### Source data:
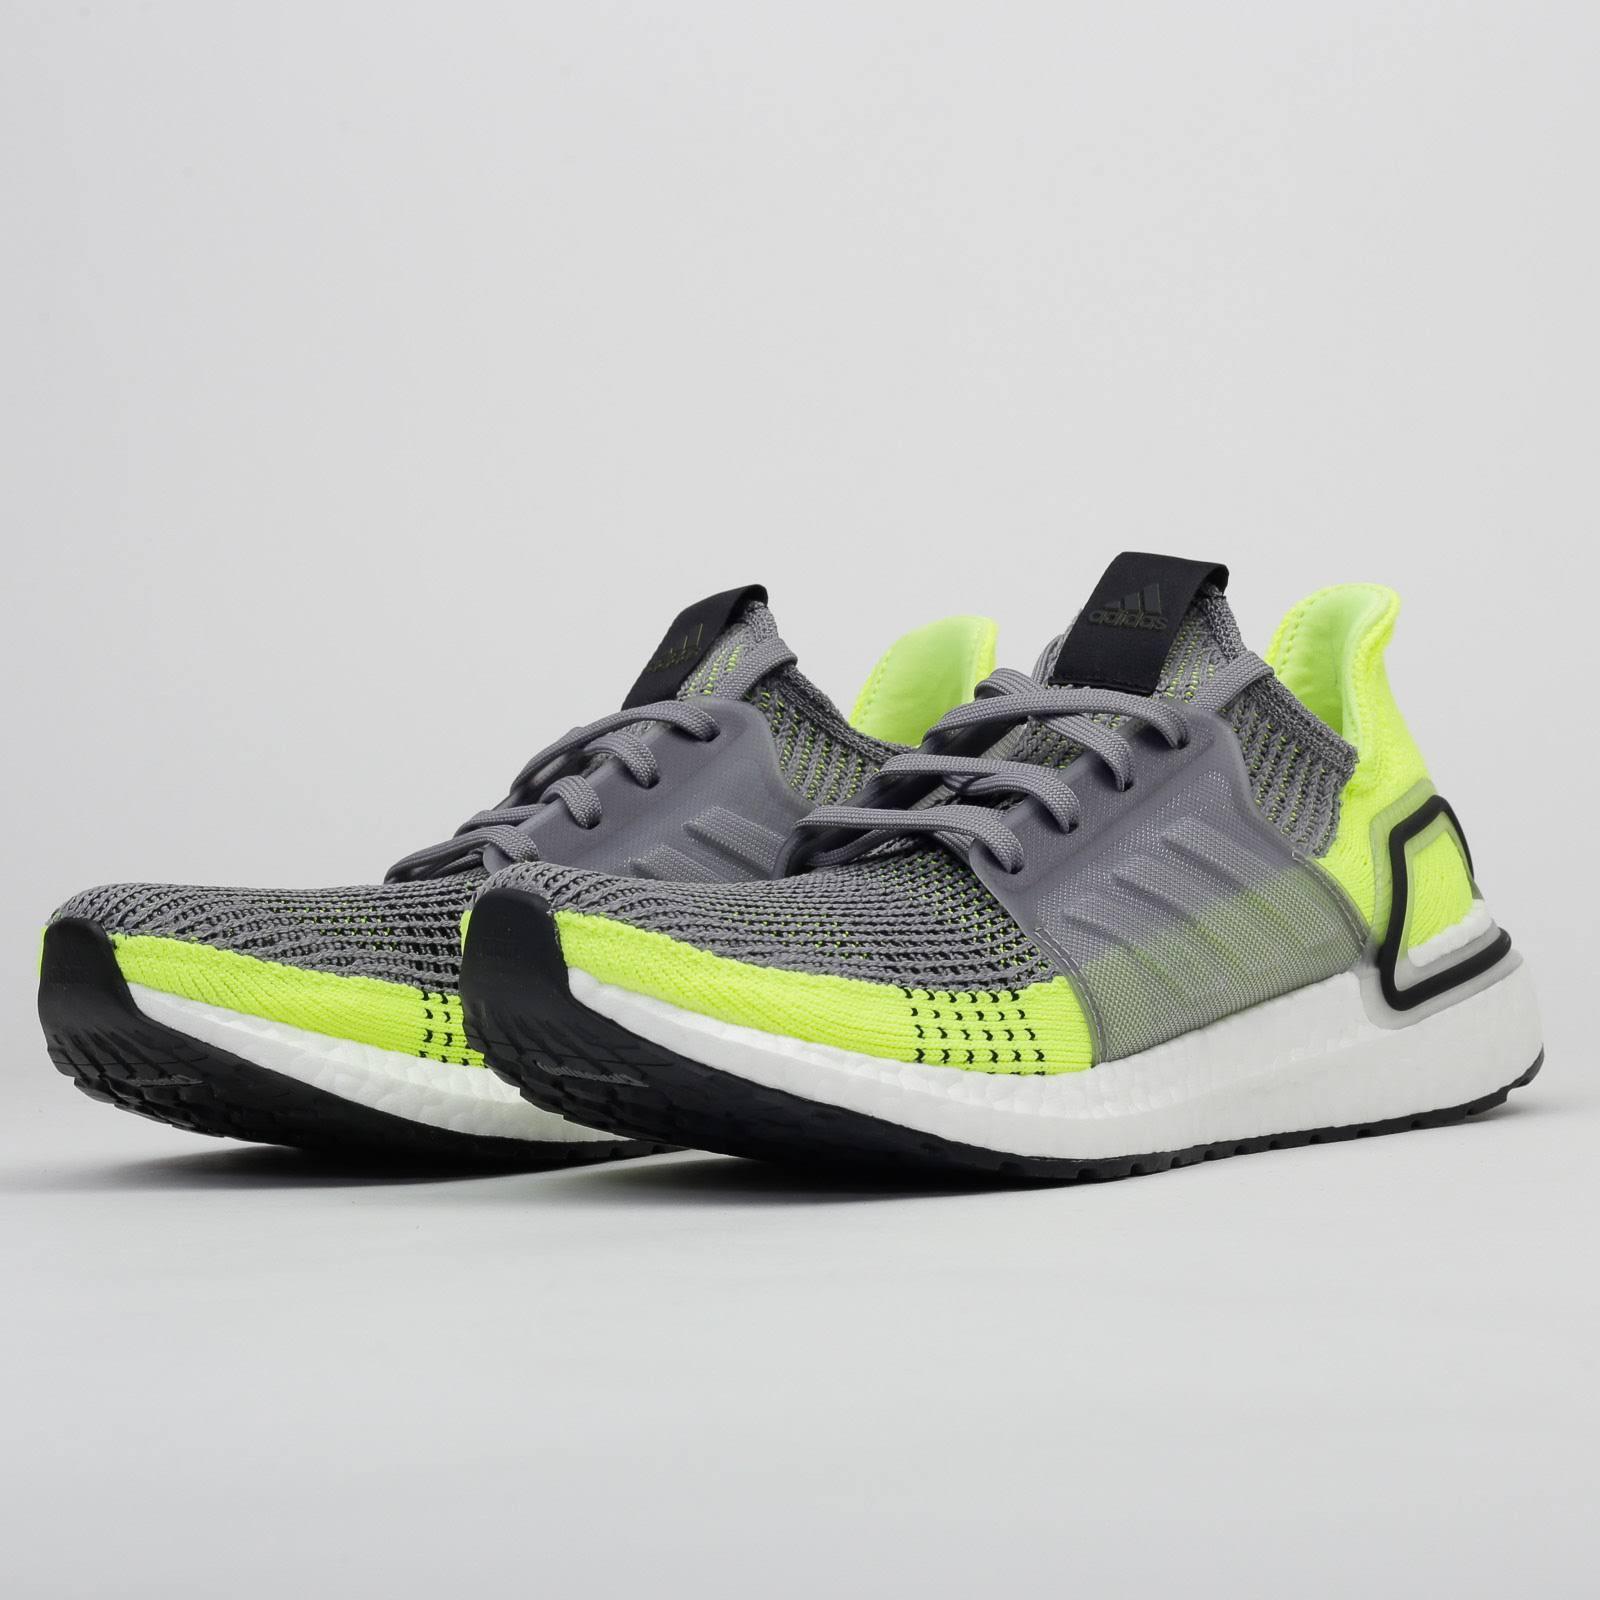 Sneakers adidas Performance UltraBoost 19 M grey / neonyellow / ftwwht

* * *

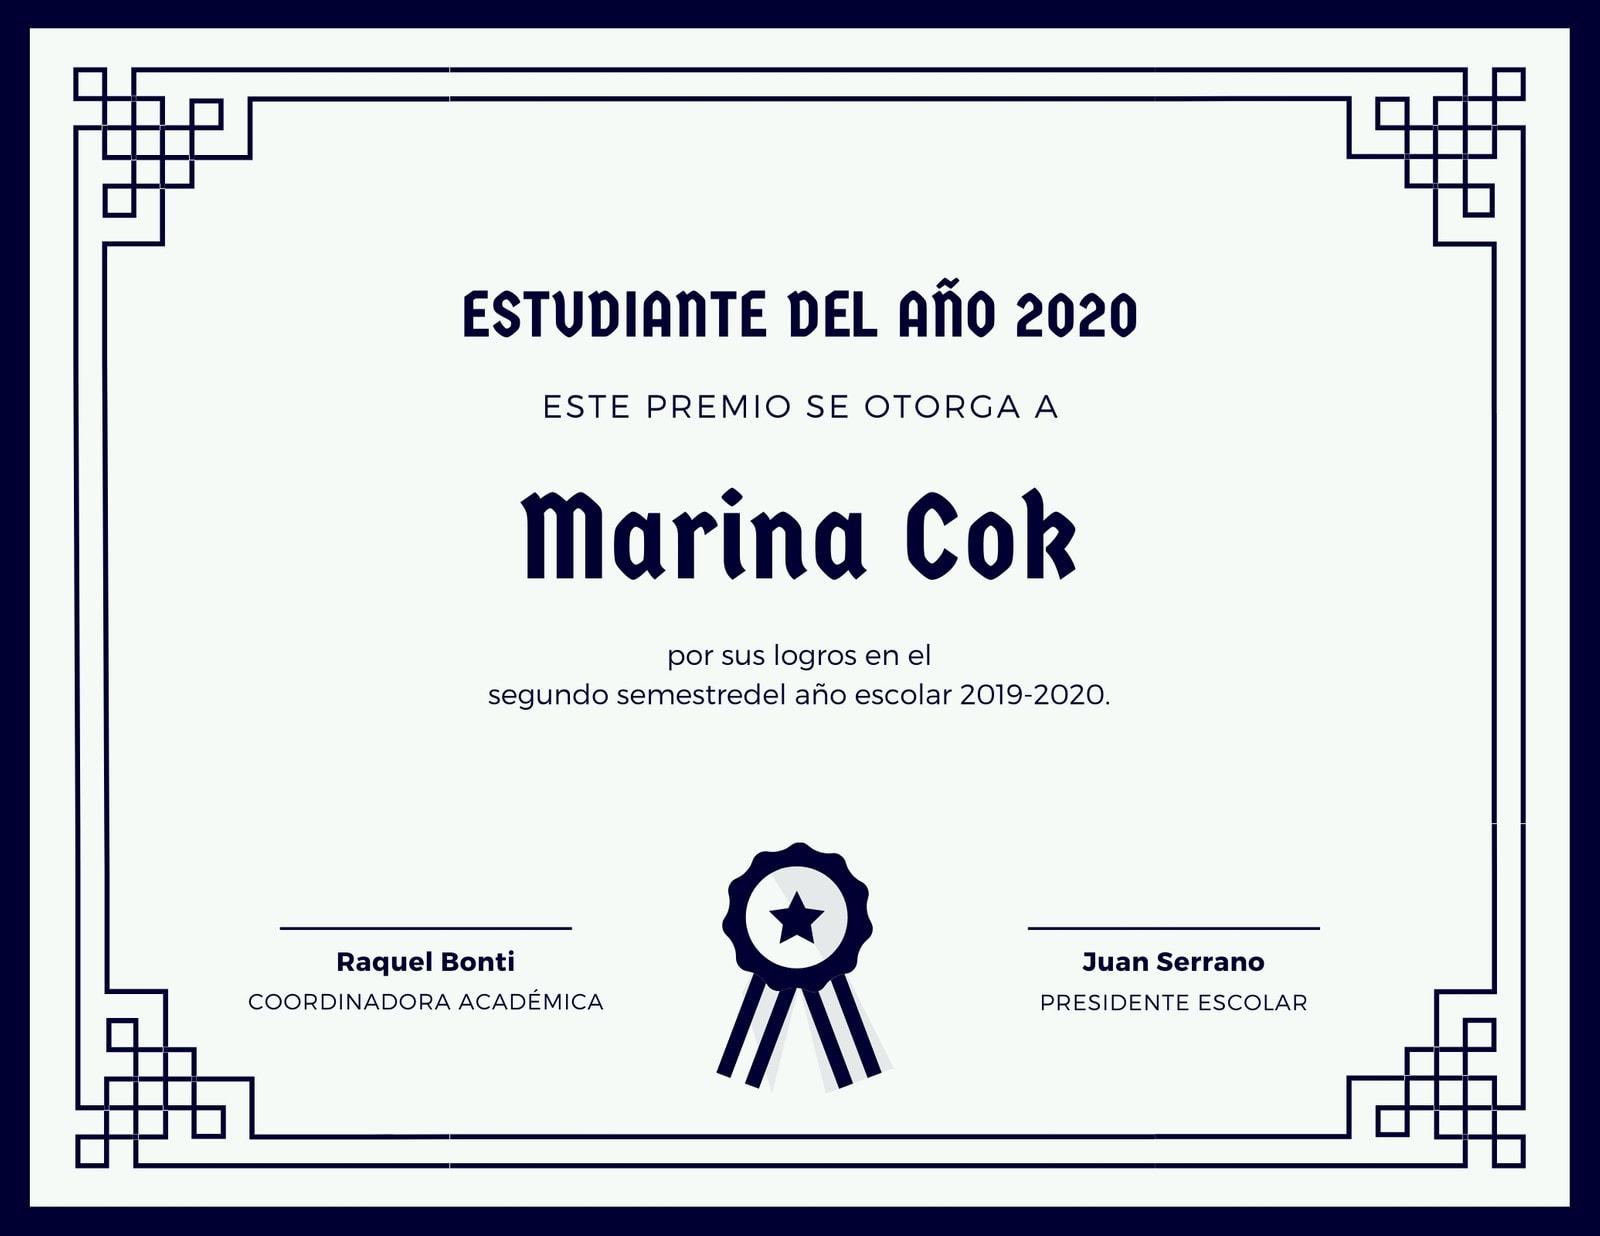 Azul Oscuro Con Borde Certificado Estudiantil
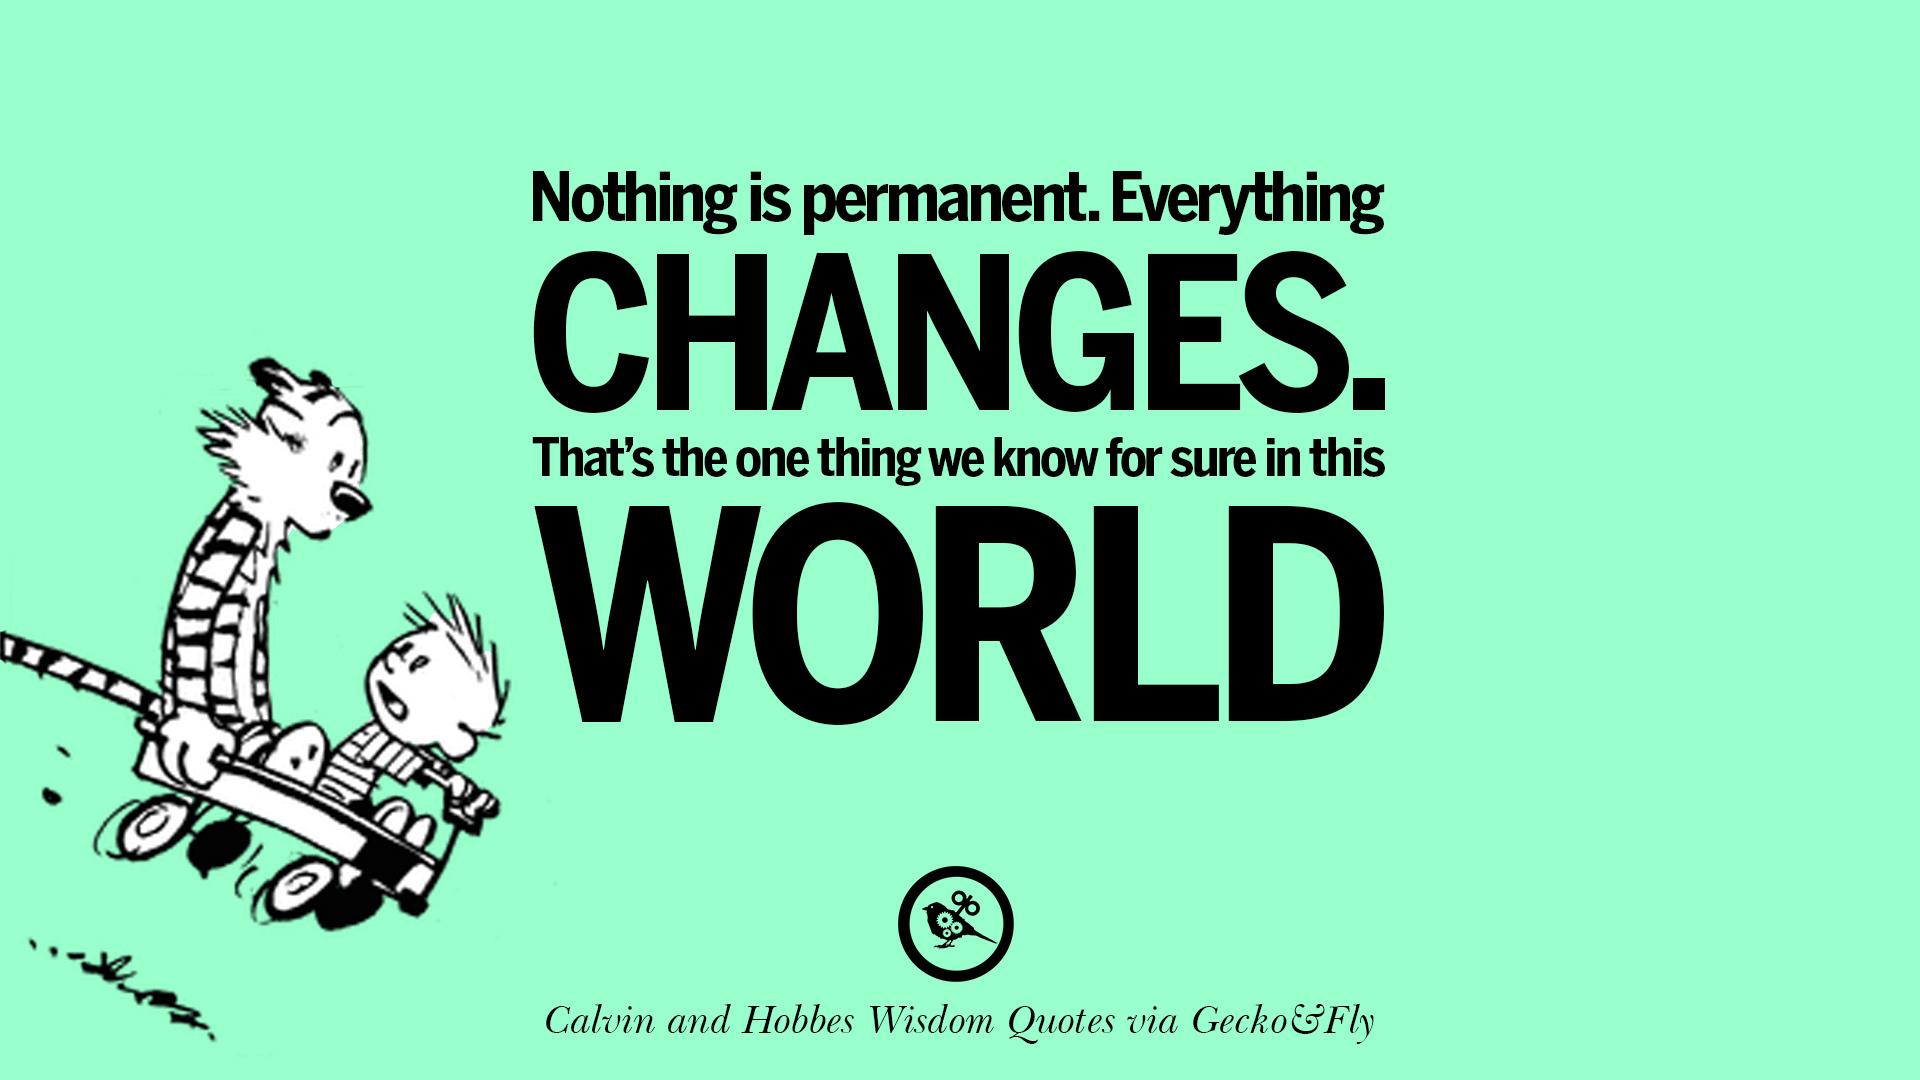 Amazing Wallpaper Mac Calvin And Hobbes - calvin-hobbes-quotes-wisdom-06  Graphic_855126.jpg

### Exercise requirements:
Reproduce the records above exactly, but only from the line with "Azul Oscuro Con" up to and including the line with "Amazing Wallpaper Mac". Leave the pictures out.

### Answer to this task:
 Azul Oscuro Con Borde Certificado Estudiantil
 Amazing Wallpaper Mac Calvin And Hobbes - calvin-hobbes-quotes-wisdom-06  Graphic_855126.jpg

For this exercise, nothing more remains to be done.